Substrate: Local nodes keep disconnecting.

For what it's worth, disabling the discovery mechanism fixes the issue. It's still unclear to me what is happening.

What seems to happen is the following:

1. Node 2 connects to node 1.
2. Both nodes also perform regular (Kusama?) DHT discovery queries in regular (exponentially increasing) intervals, starting with seconds and capped at 60 seconds.
3. It appears that local nodes connecting to the (Kusama?) DHT put their local address into the DHT, i.e. /ip4/127.0.0.1/tcp/30333. This is obviously necessary for nodes in the same local network to discover and talk to each other through the DHT, but these are also seen by remote nodes.
4. As a result, Node 2 will discover a node with a different peer ID from Node 1 but with address /ip4/127.0.0.1/tcp/30333. It will try to connect to it as part of the DHT lookups.
5. Thus Node 2 will make another connection attempt to Node 1, thinking it is some other node (i.e. expecting a different peer ID this time). It still has the existing connection to Node 1 for the moment.
6. Node 1 receives the incoming connection from Node 2, replacing the existing connection (i.e. dropping it) due to the single-connection-per-peer policy.

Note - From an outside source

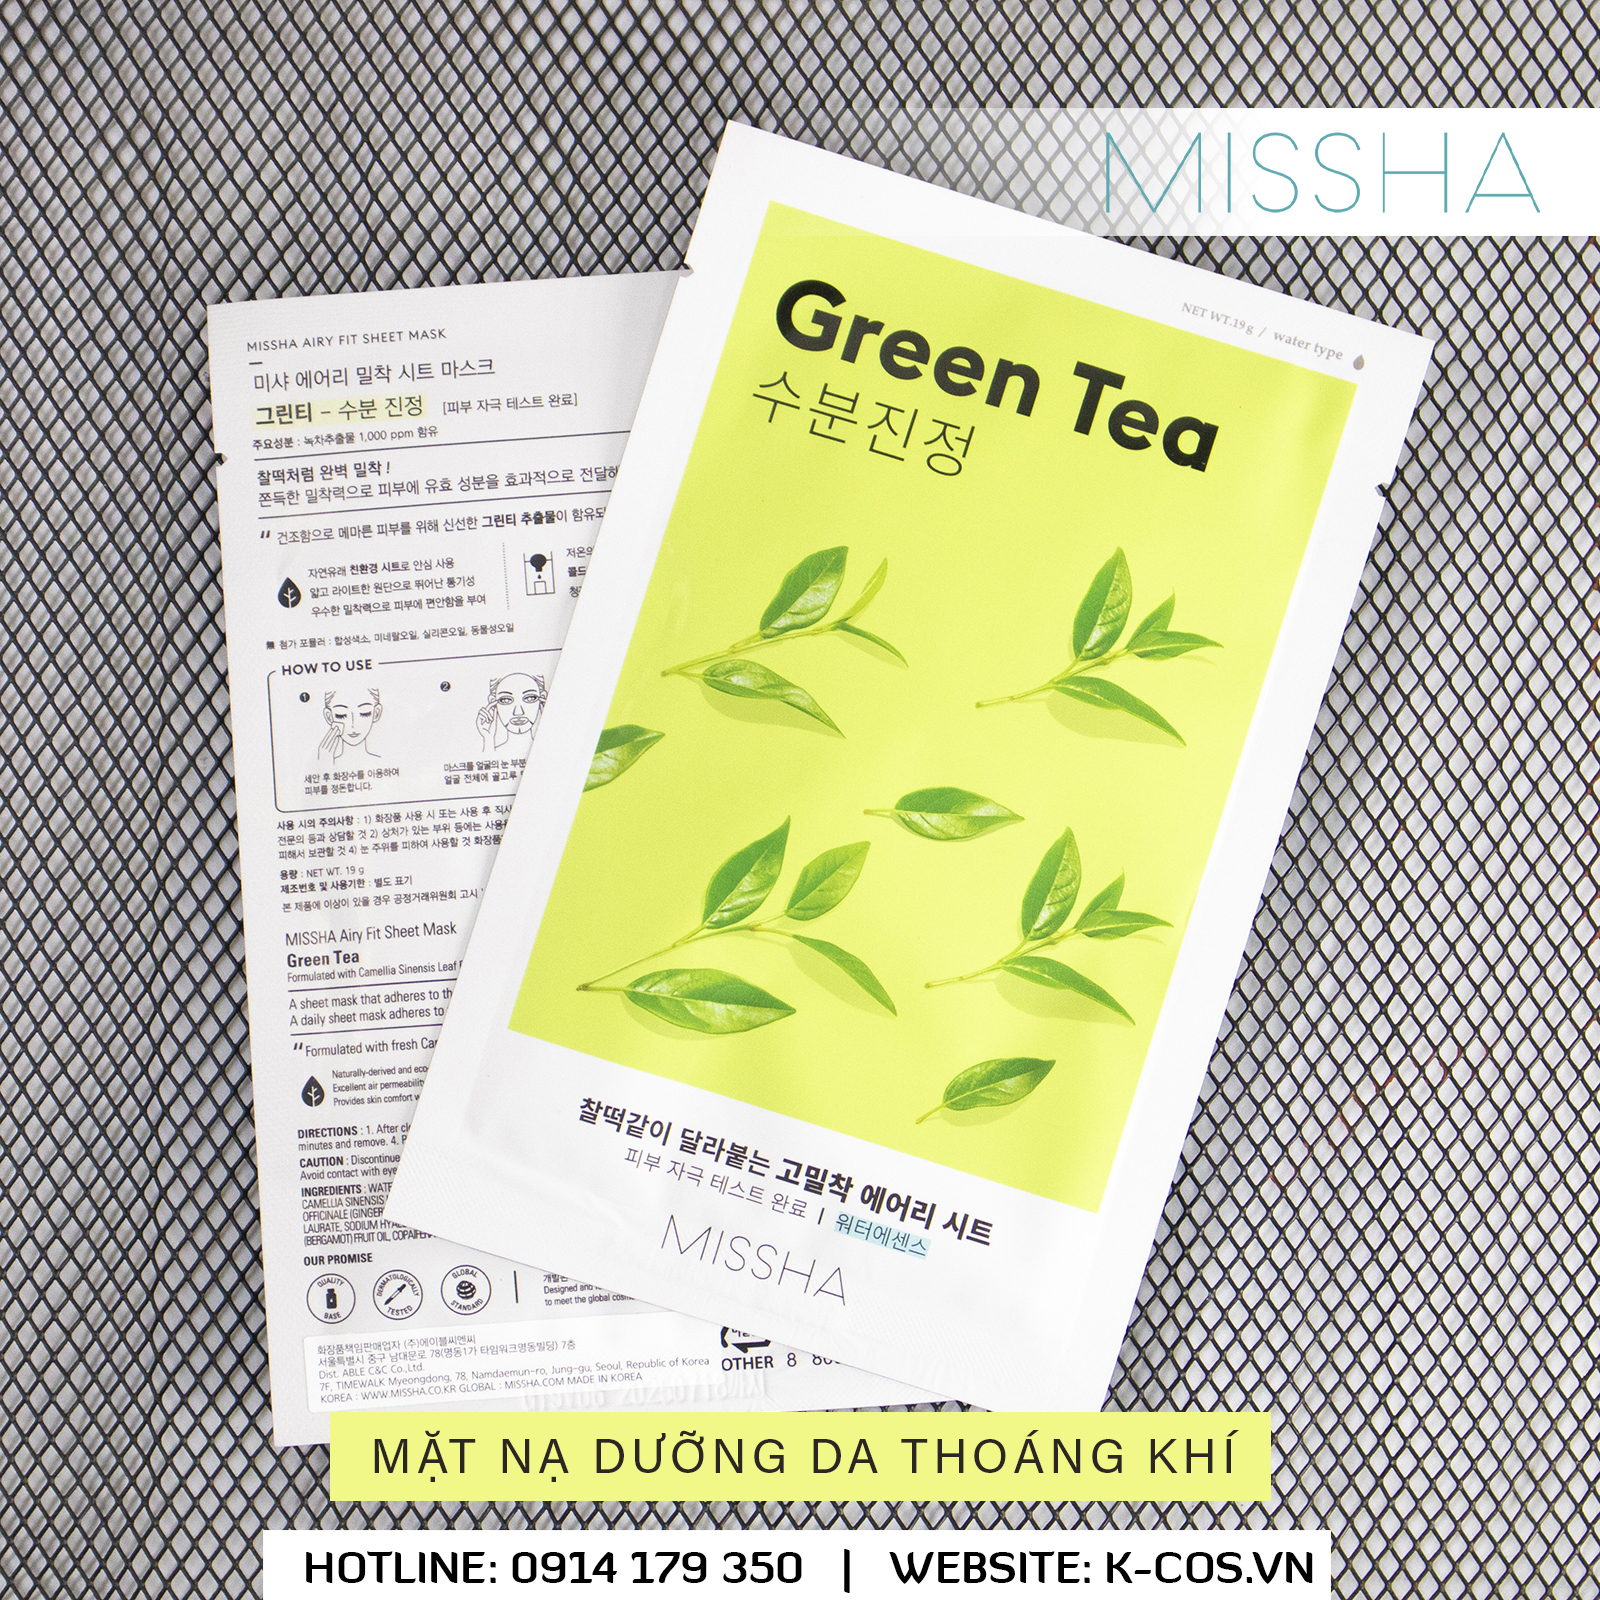 Mặt nạ thoáng khí hương Trà Xanh - Missha Airy Fit Sheet Mask Green Tea

The reason(s) for always taking the new connection over the old, even if a node has the role of listener in both connections (i.e. it is not a "simultaneous connect" scenario) are not entirely clear to me (@tomaka?).
7. Node 2 finishes setting up the new connection accepted by Node 1, but then discovers that the expected peer ID does not match the actual peer ID, so it drops this connection (MITM protection). (Node 2 quickly gets a BrokenPipe error on the old connection through the StreamMuxer usually. )
8. Node 1 gets a ConnectionReset error on the new connection.

This sequence more or less repeats ad infinitum, since Node 2's discovery will continue to encounter these peer IDs differing from that of Node 1 with address /ip4/127.0.0.1/tcp/30333 to which it will try to connect during DHT lookups.

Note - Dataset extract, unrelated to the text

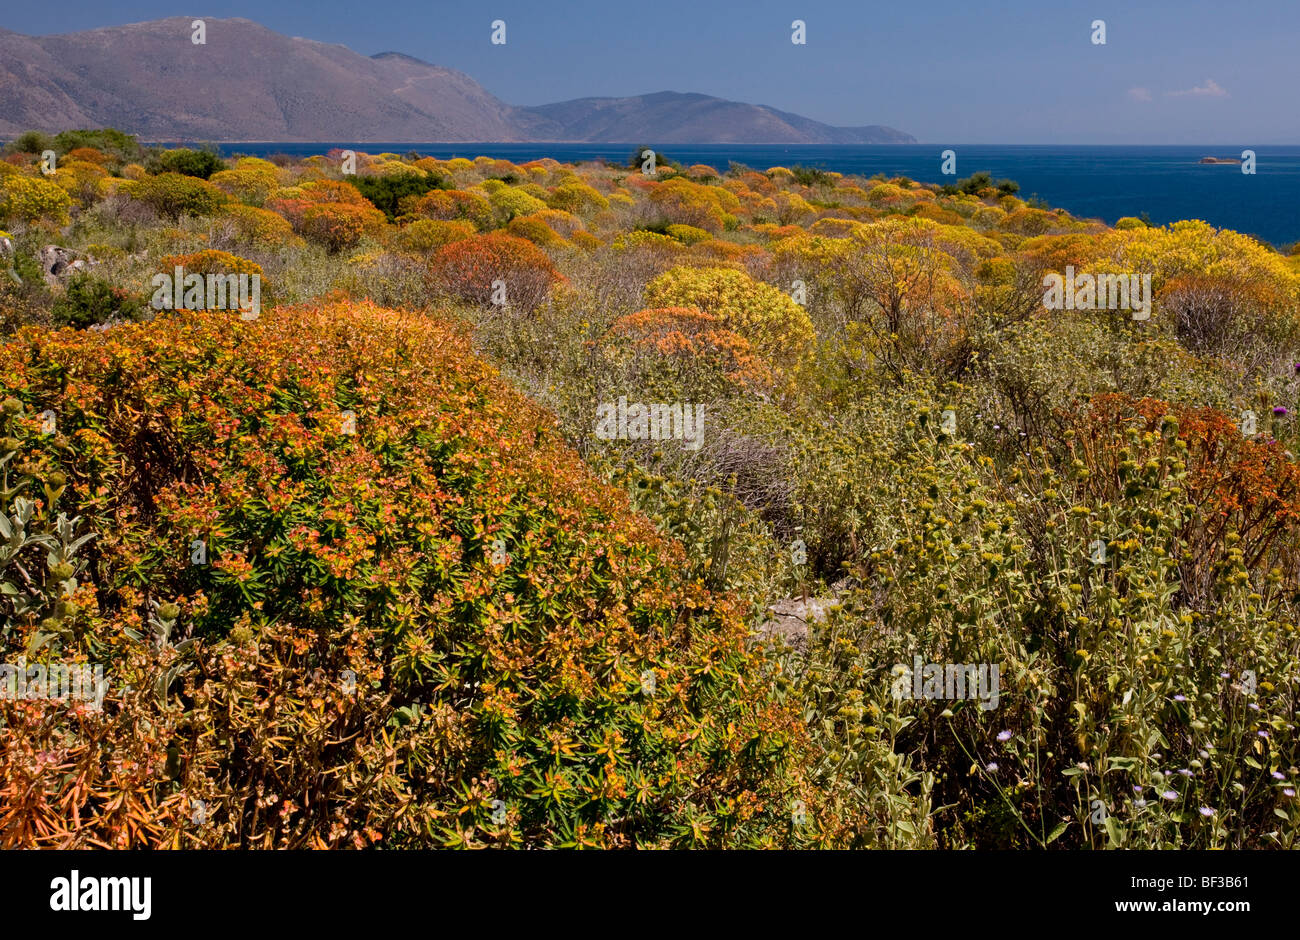 Arbre généalogique de masse Spurge Euphorbia dendroides début à la couleur ; sur les rives du golfe de Corinthe (Grèce), Corinthe. Banque D'Images

If I'm not mistaken, this seems to be an interesting way for a node C to directly influence the connectivity between some nodes A and B, e.g. by advertising public addresses of A in the DHT under its own peer ID. When node B picks these up during lookups, it would disturb the connection between A and B in the above manner. This may be primarily a pitfall of the single-connection-per-node policy, though it may possibly be prevented by establishing a preference for the old (existing) connection, if a node receives a second connection as a listener when it is already a listener in the existing connection, but I'm not entirely clear about all the possible consequences at the moment.

The reason(s) for always taking the new connection over the old, even if a node has the role of listener in both connections (i.e. it is not a "simultaneous connect" scenario) are not entirely clear to me (@tomaka?).

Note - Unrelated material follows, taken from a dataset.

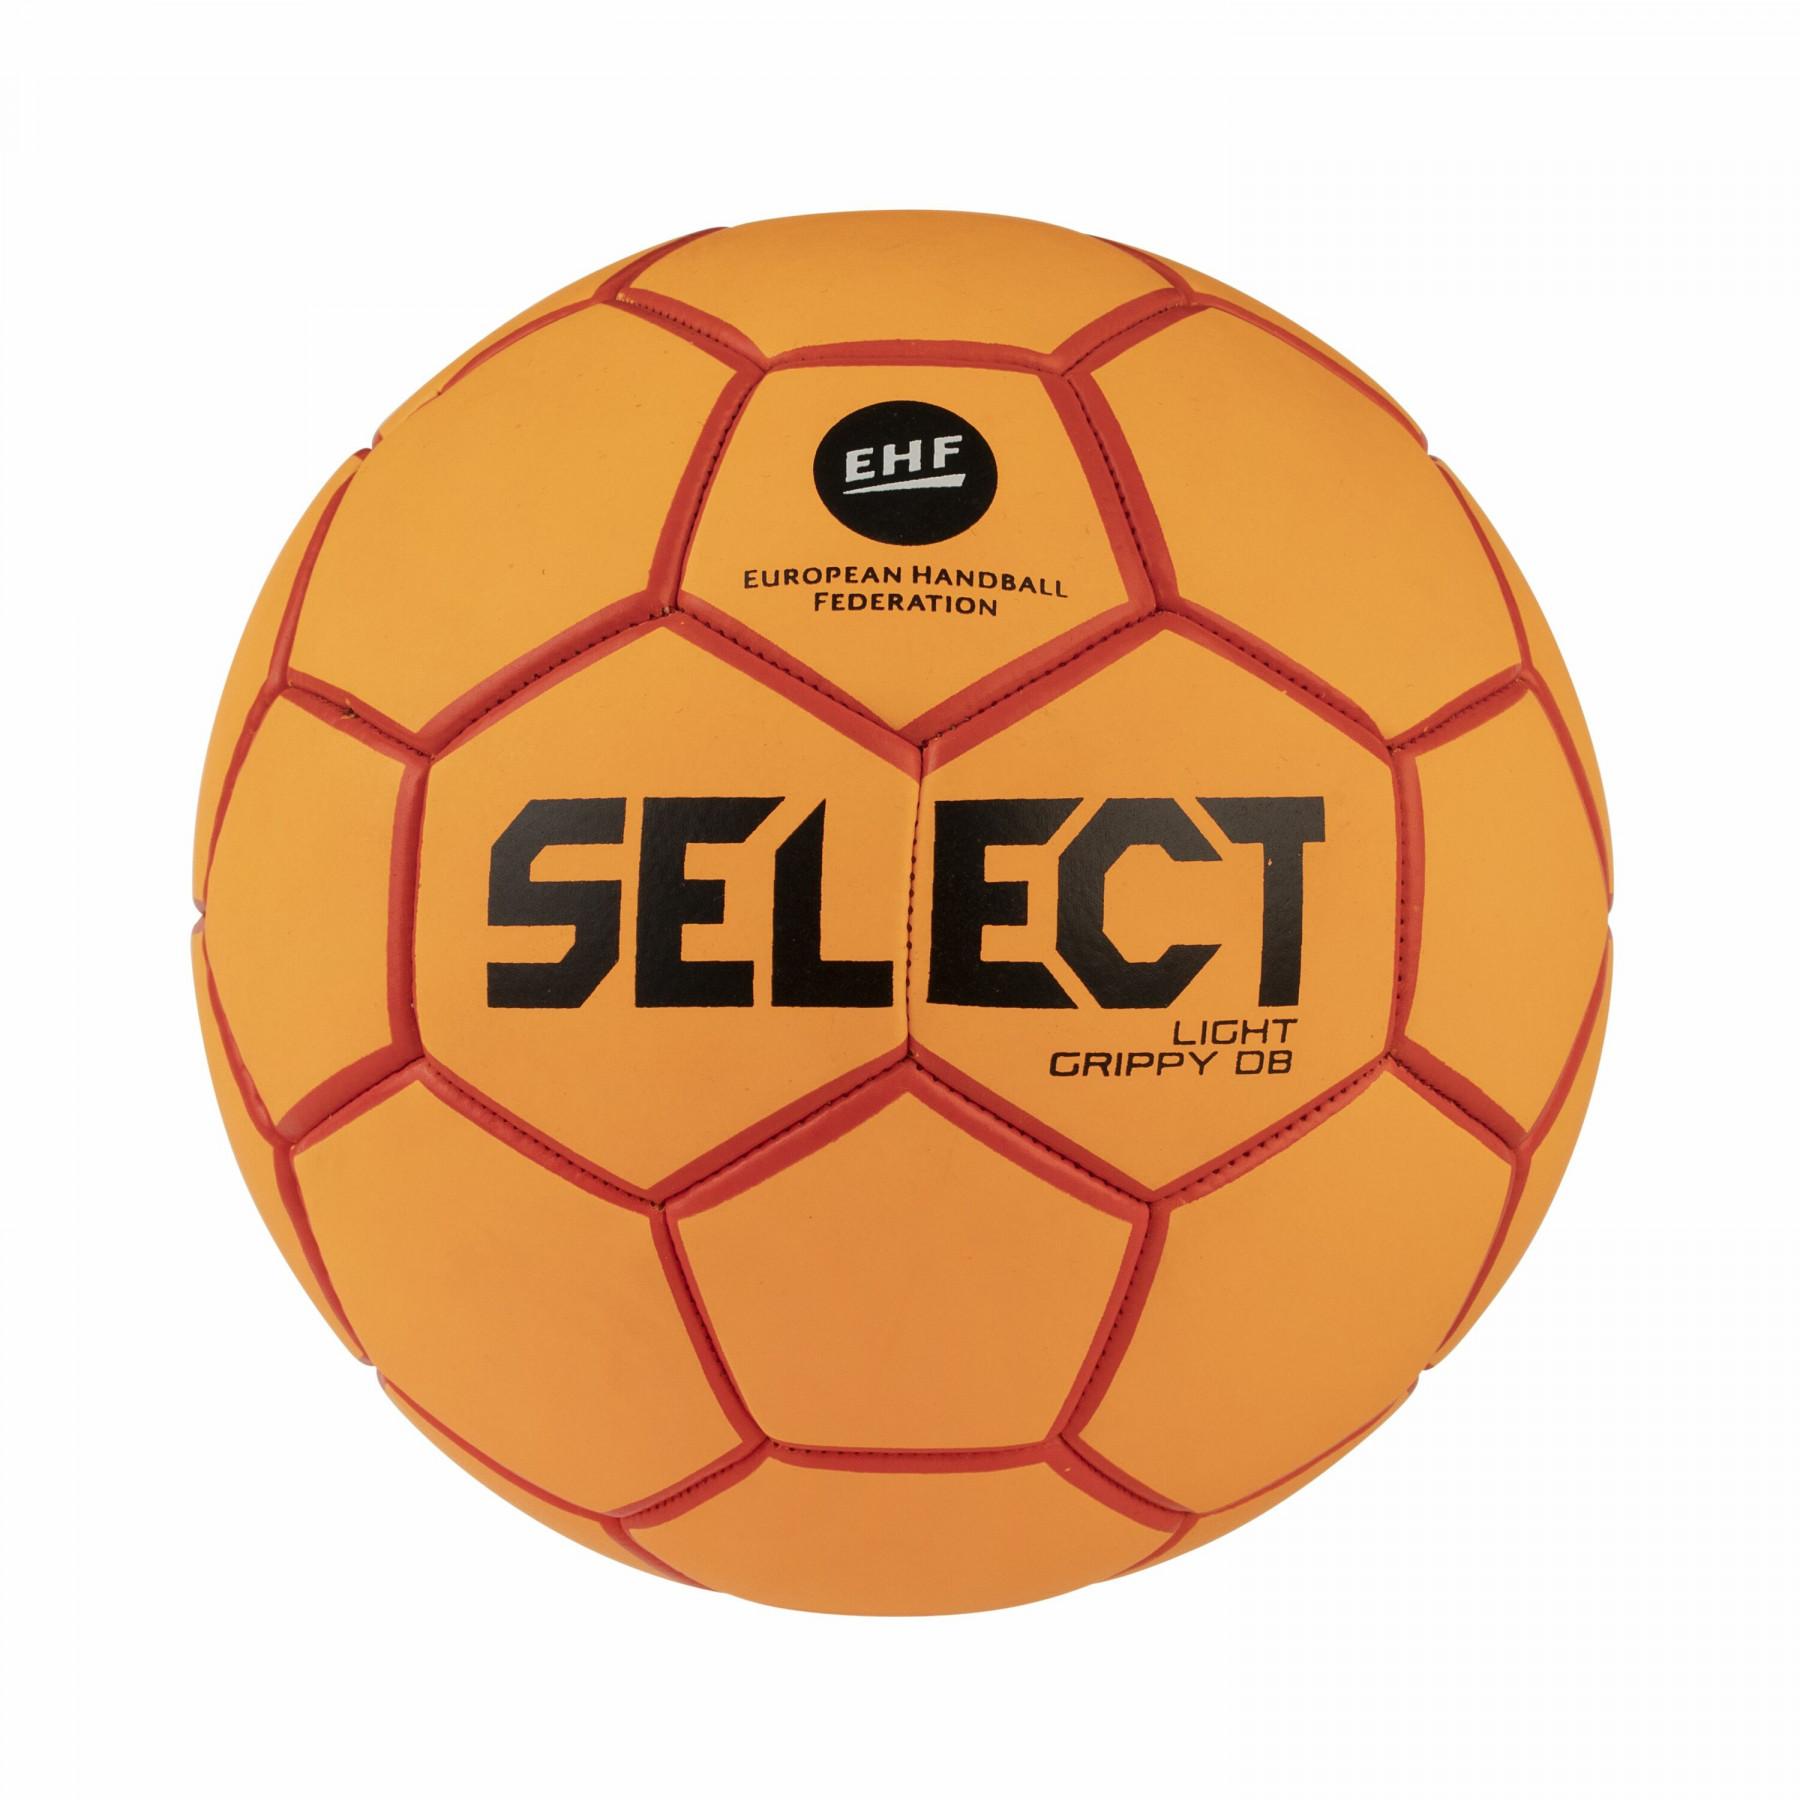 Handball Select Light grippy

The reason is that typically when a node opens a new connection, it's because the old one is dead.

Example situation: Node 1 and Node 2 are connected. Node 2 loses its Internet connection, realizes it, and kills all existing sockets. No FIN is actually being sent because of no Internet access. Node 2 then gains back its Internet connection and tries to re-connect to Node 1. Node 1 isn't aware that the previous connection is dead.
In this situation, the new connection is the right choice.

In my opinion the solution is to handle multiple simultaneous connections per node (https://github.com/libp2p/rust-libp2p/issues/912).
There have already been several tricky issues caused by the decision of enforcing a unique connection, proving that it probably wasn't a good idea.

Node 1 isn't aware that the previous connection is dead.

Doesn't libp2p have keep-alive or ping protocol to handle this?

Doesn't libp2p have keep-alive or ping protocol to handle this?

It does, but it takes something like 30 seconds to trigger.

I'm not actually sure that my scenario above is realistic, but the general idea is that we expect that when a node opens a second connection it is because the existing one is unusable.

Doesn't libp2p have keep-alive or ping protocol to handle this?

It does, but it takes something like 30 seconds to trigger.

I'm not actually sure that my scenario above is realistic, but the general idea is that we expect that when a node opens a second connection it is because the existing one is unusable.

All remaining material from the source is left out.